After CL wrote about the problem last year, the school system briefly toyed with ideas for moving the experienced teachers who teach suburban kids into inner-city classrooms. In June, the county commission declined to fund a $17 million plan, which combined incentives to attract teachers to low-income schools and included mandatory transfers.

Then this fall, a whole new set of statistics came out that showed what was going on in CMS's inner-city classrooms during the 2004-2005 school year, while political leaders flirted with addressing the teacher problem. At Garinger High School, where 70 percent of the student population is on the free- and reduced-lunch program, a new crop of fresh-faced teachers straight out of the college dorms showed up to do combat with a new class of inner-city freshman. Nearly 40 percent of the teachers at Garinger had less than one year experience and nearly half had less than four years experience.

Peter Komarisky, a biology teacher at West Charlotte High School with 15 years experience, is blunt about why this happens. "Experienced teachers avoid the inner-city schools like the plague because they get no support," he says.

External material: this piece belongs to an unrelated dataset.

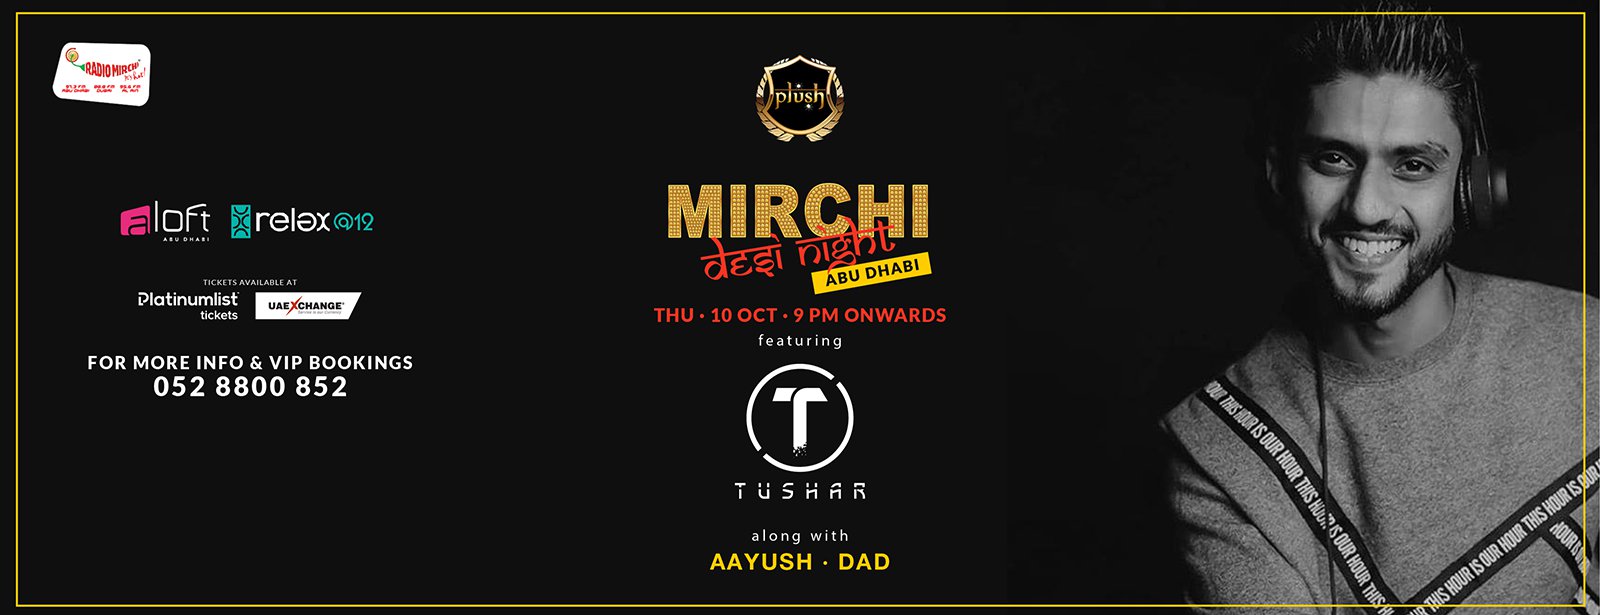 Mirchi Desi Night with DJ Tushar, DJ DAD and DJ Aayush - Coming Soon in UAE
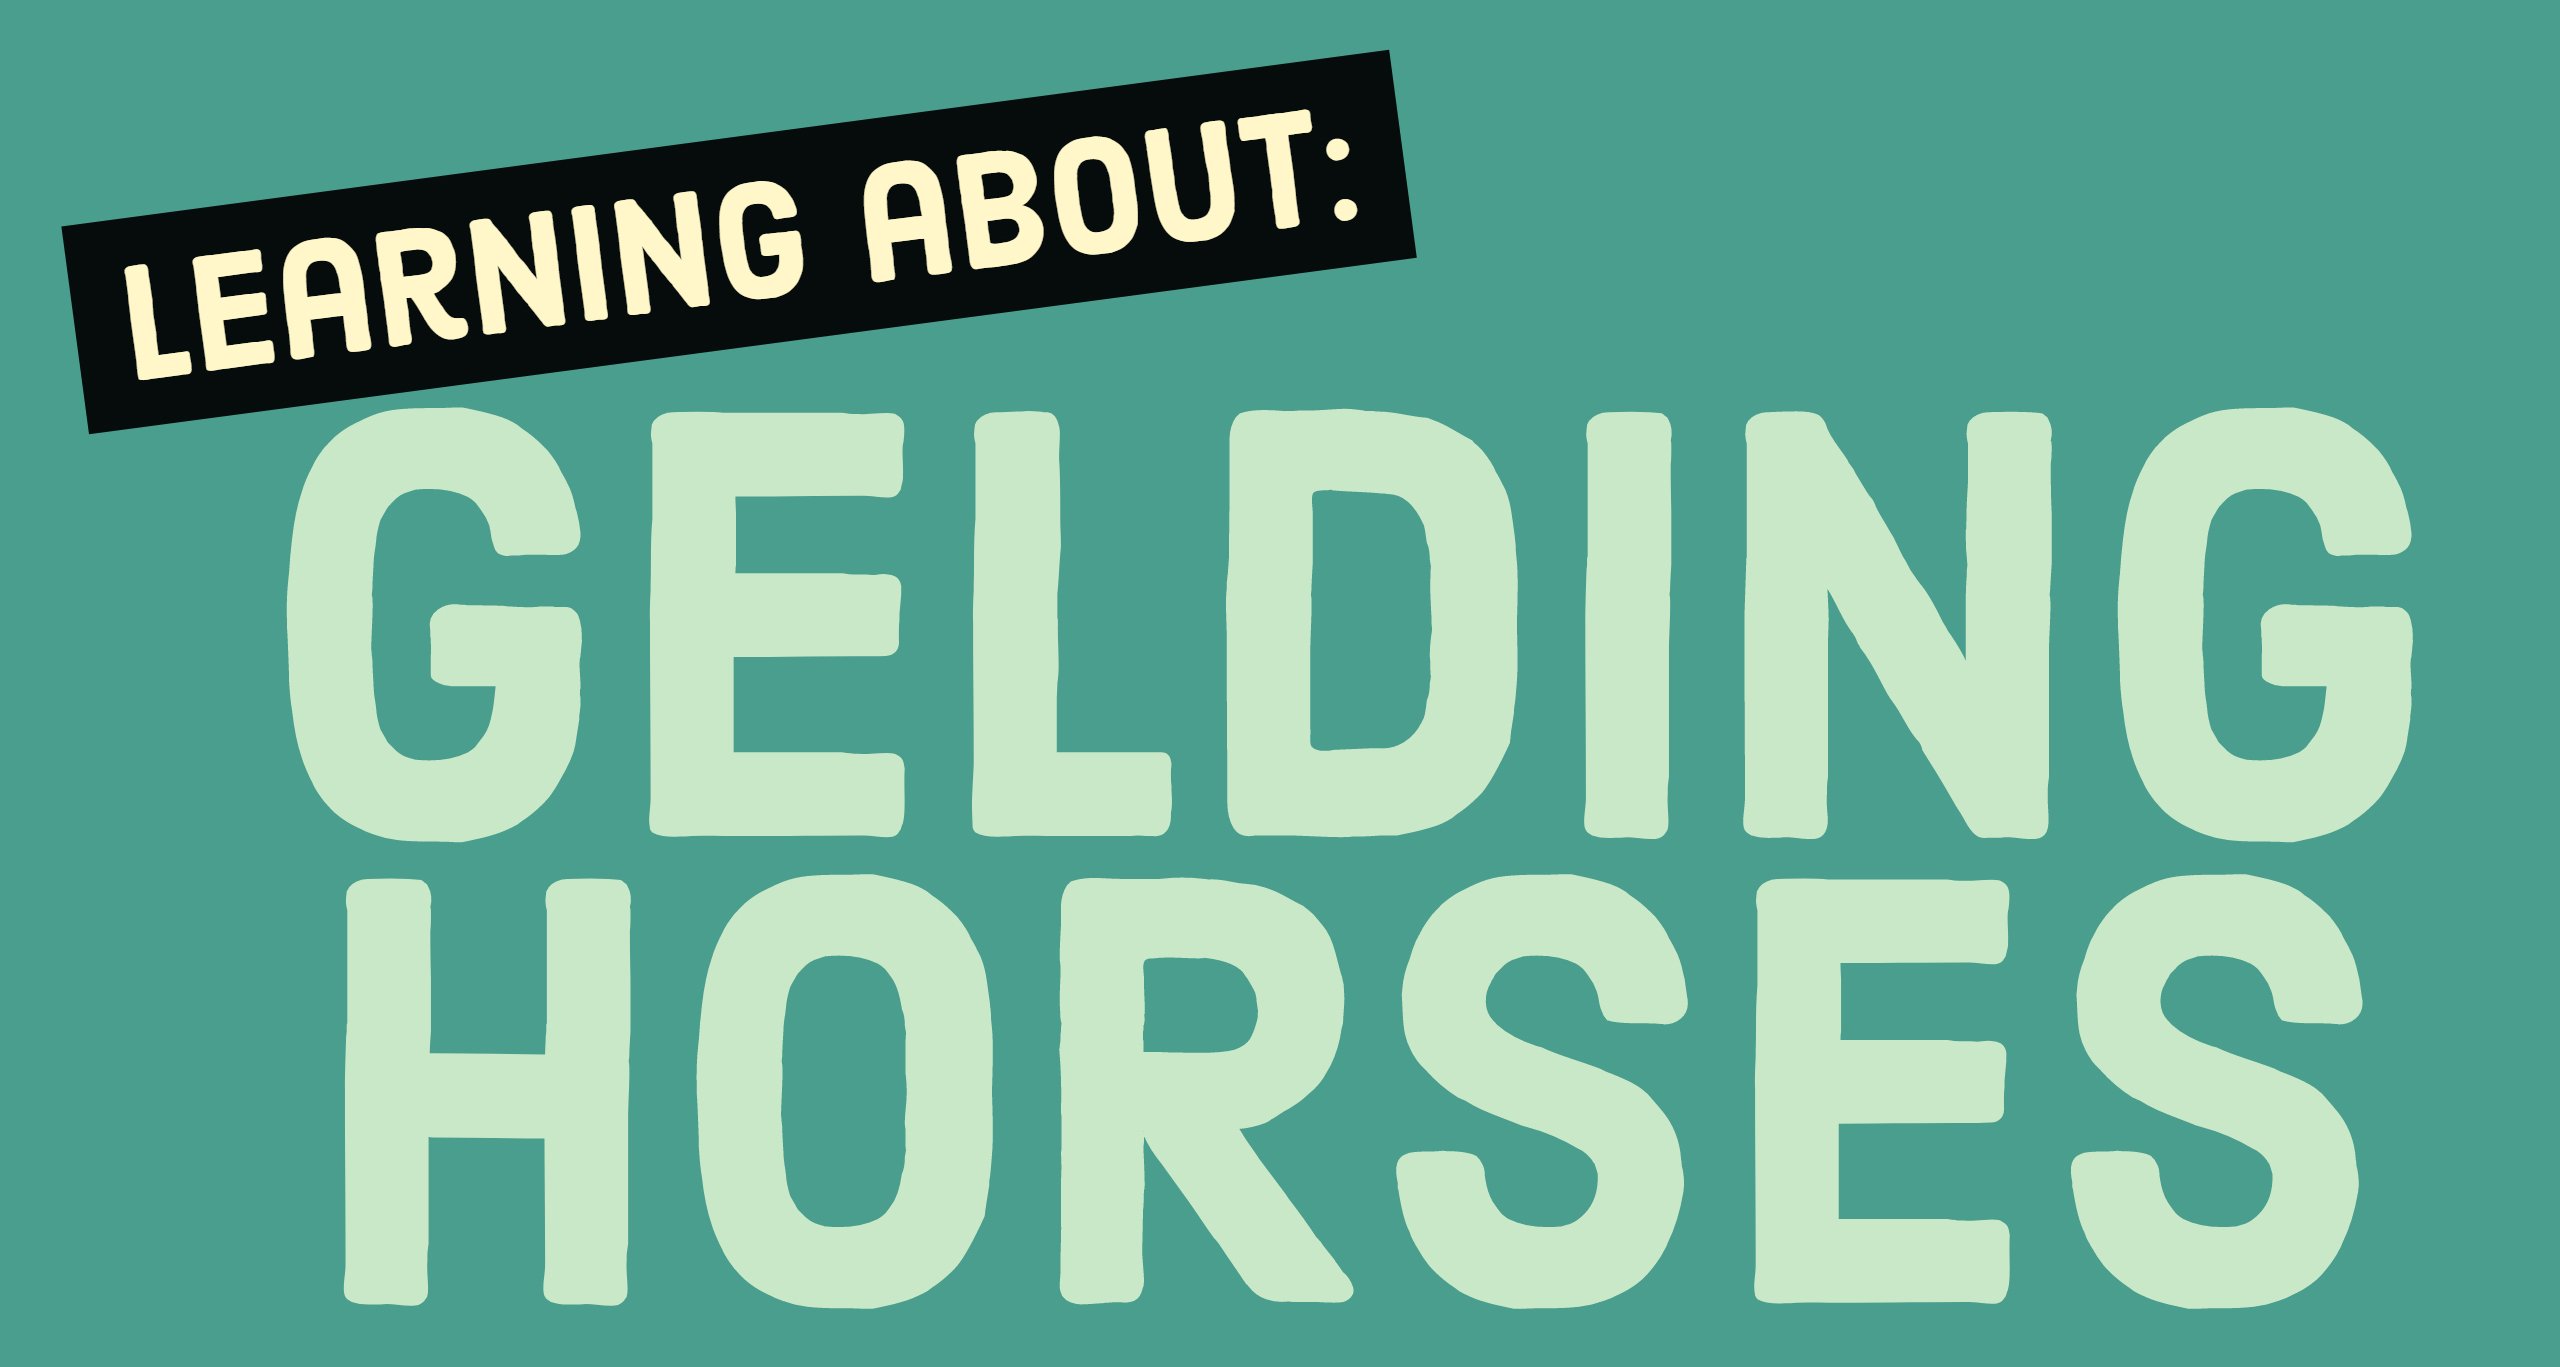 gedling horses

That leaves first-year and inexperienced teachers to fill the slots the departed leave behind.

"The organization and support that new teachers should get, they don't," said Komarisky. "They are stuck with larger classrooms with lower-achieving children. That happens more in inner-city schools."

Veteran CMS teacher and department head Frank Machado, who retired last year after more than two decades in the classroom, says new teachers don't have a clue what they are going to be facing in the classroom, because the schools those teachers graduate from aren't preparing them to handle students. Machado believes it takes most new teachers at least three years to learn how to control a classroom well enough to actually teach in it. Meanwhile, the kids in those classrooms often don't learn much, said Machado.

"I can tell you what I think is going to happen," Machado said of Garinger High School. "Out of those [40 percent of] teachers that are first-year teachers, half of them will be gone from one year to the next."